(Aim of the task)
For this exercise, copy exactly the lines below from the one with "British Airways plane" through the one with "City centre gift" and leave out the pictures.

(Supplied entries)
════════════════

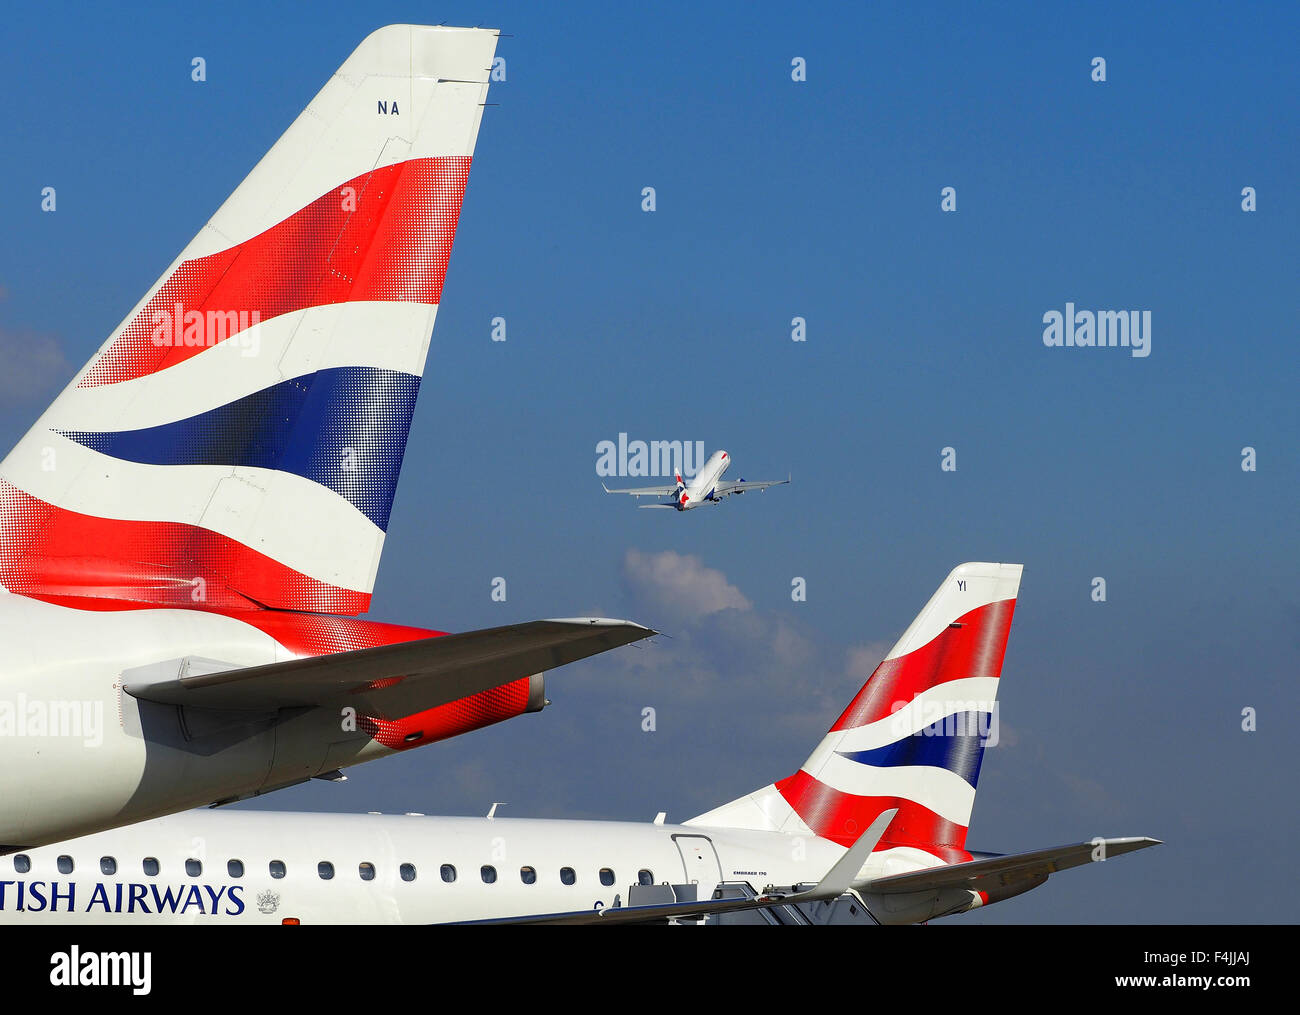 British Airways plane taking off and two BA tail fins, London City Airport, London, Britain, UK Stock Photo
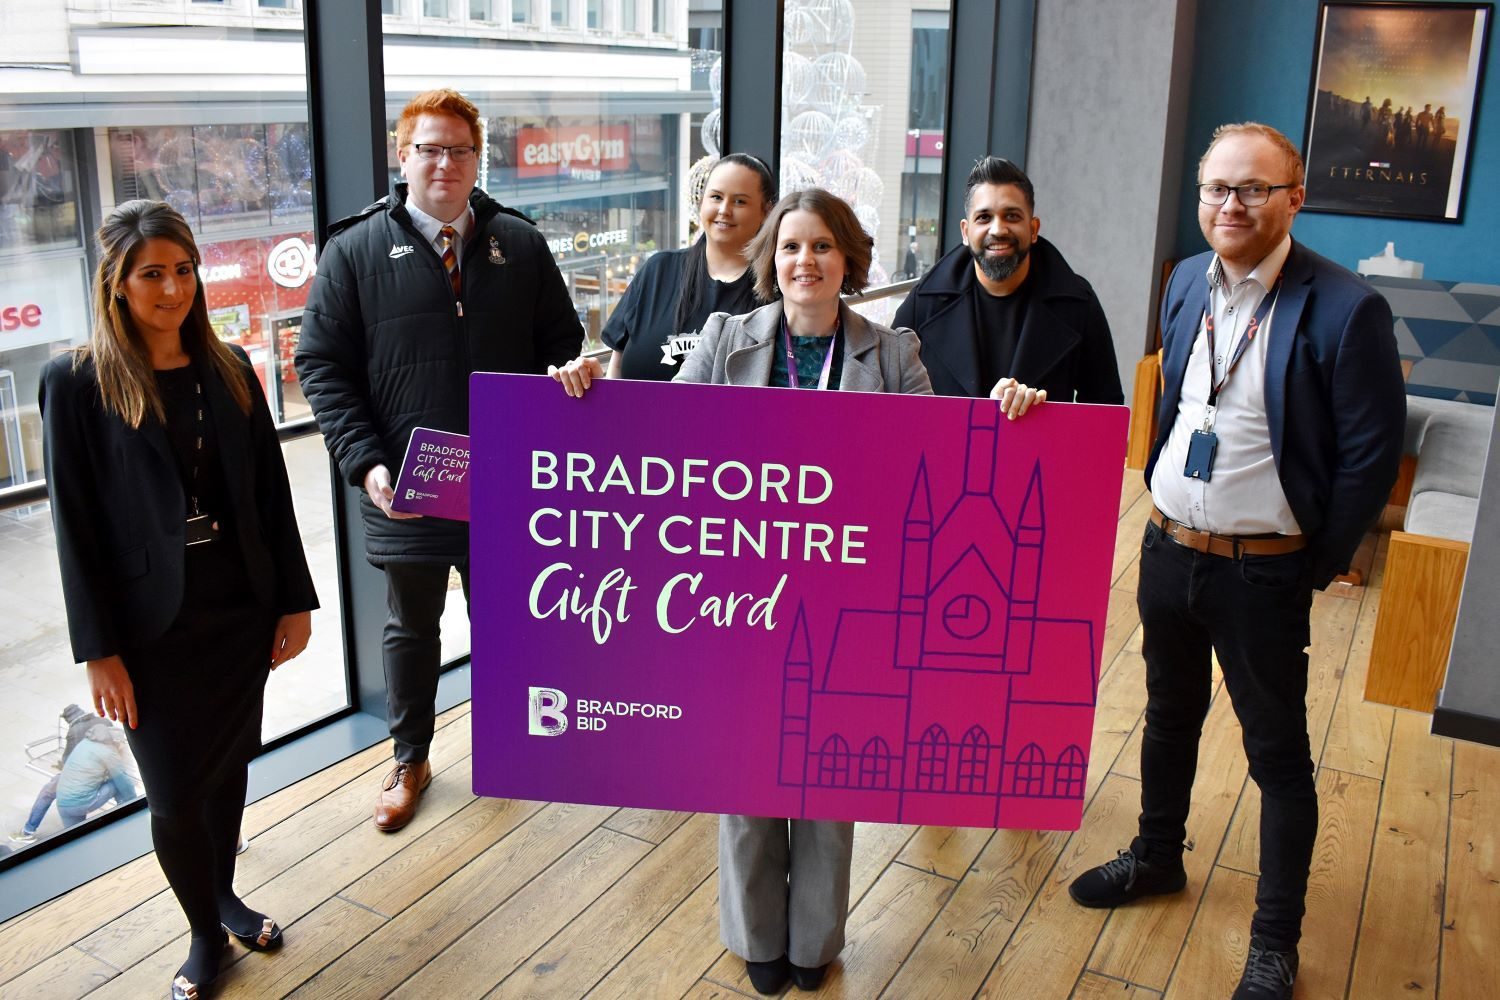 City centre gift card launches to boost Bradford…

════════════════

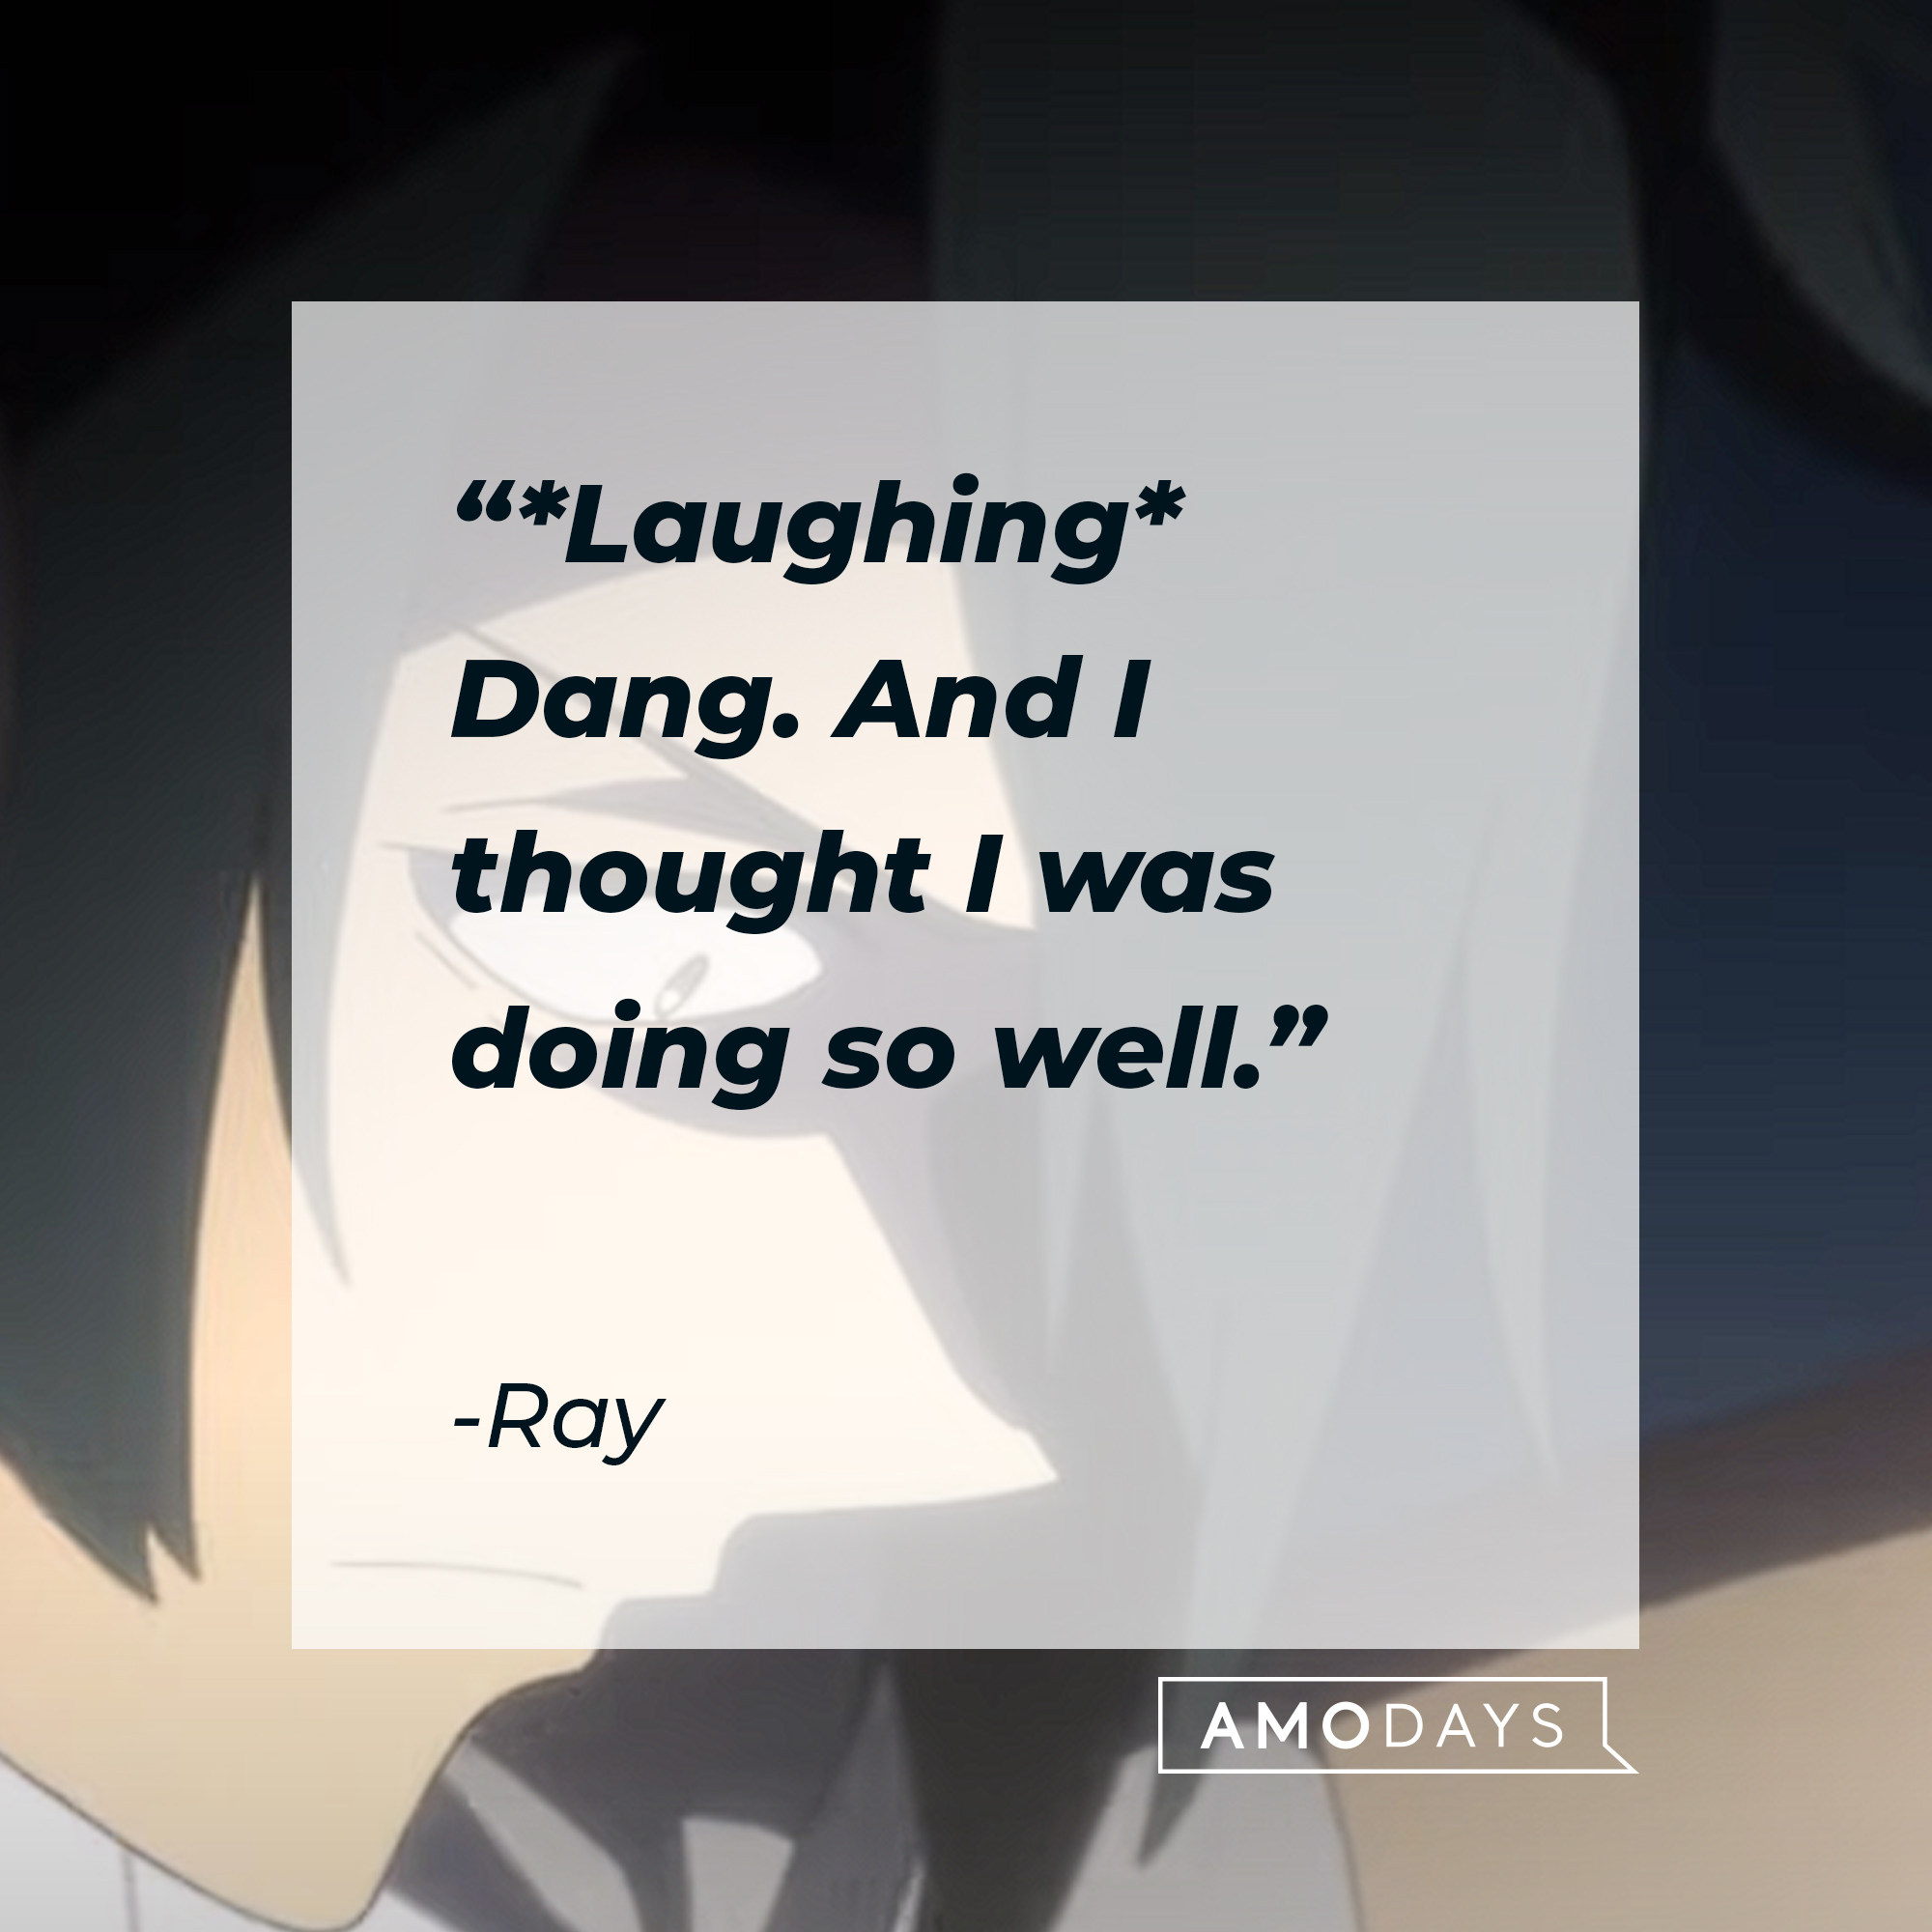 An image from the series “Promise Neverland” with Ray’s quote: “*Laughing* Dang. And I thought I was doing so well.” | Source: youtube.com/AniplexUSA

════════════════

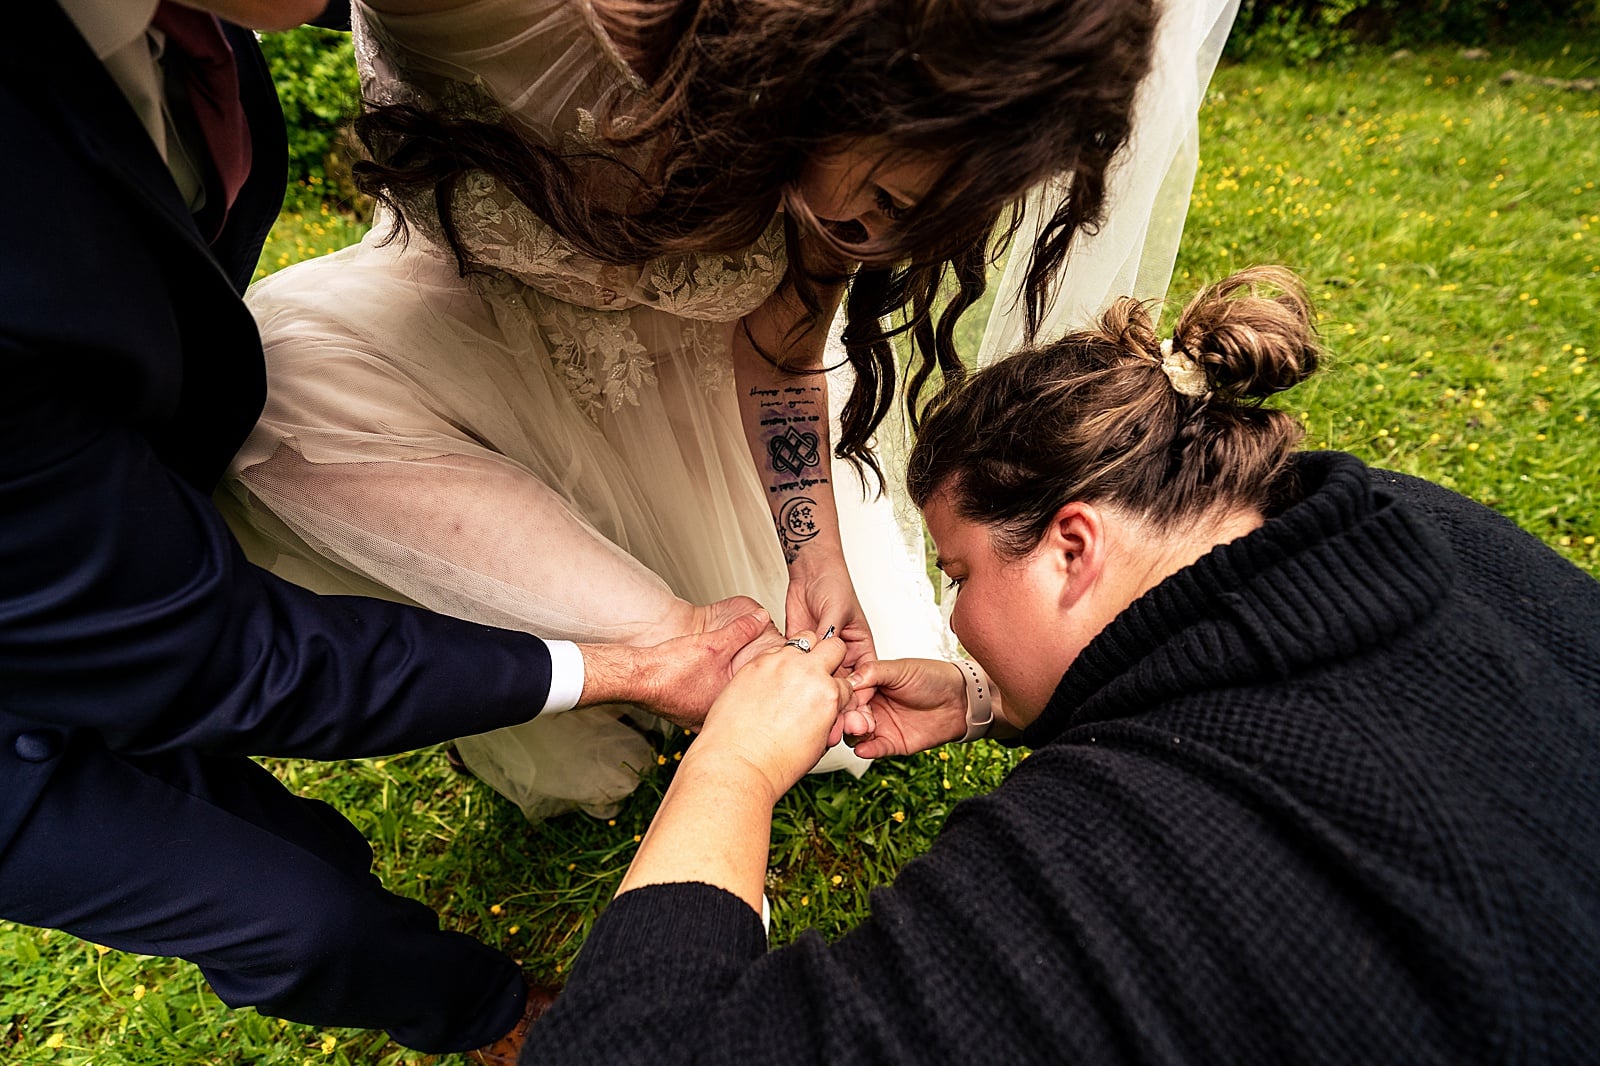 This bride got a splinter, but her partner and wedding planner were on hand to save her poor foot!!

════════════════

(Output)
 British Airways plane taking off and two BA tail fins, London City Airport, London, Britain, UK Stock Photo
 City centre gift card launches to boost Bradford…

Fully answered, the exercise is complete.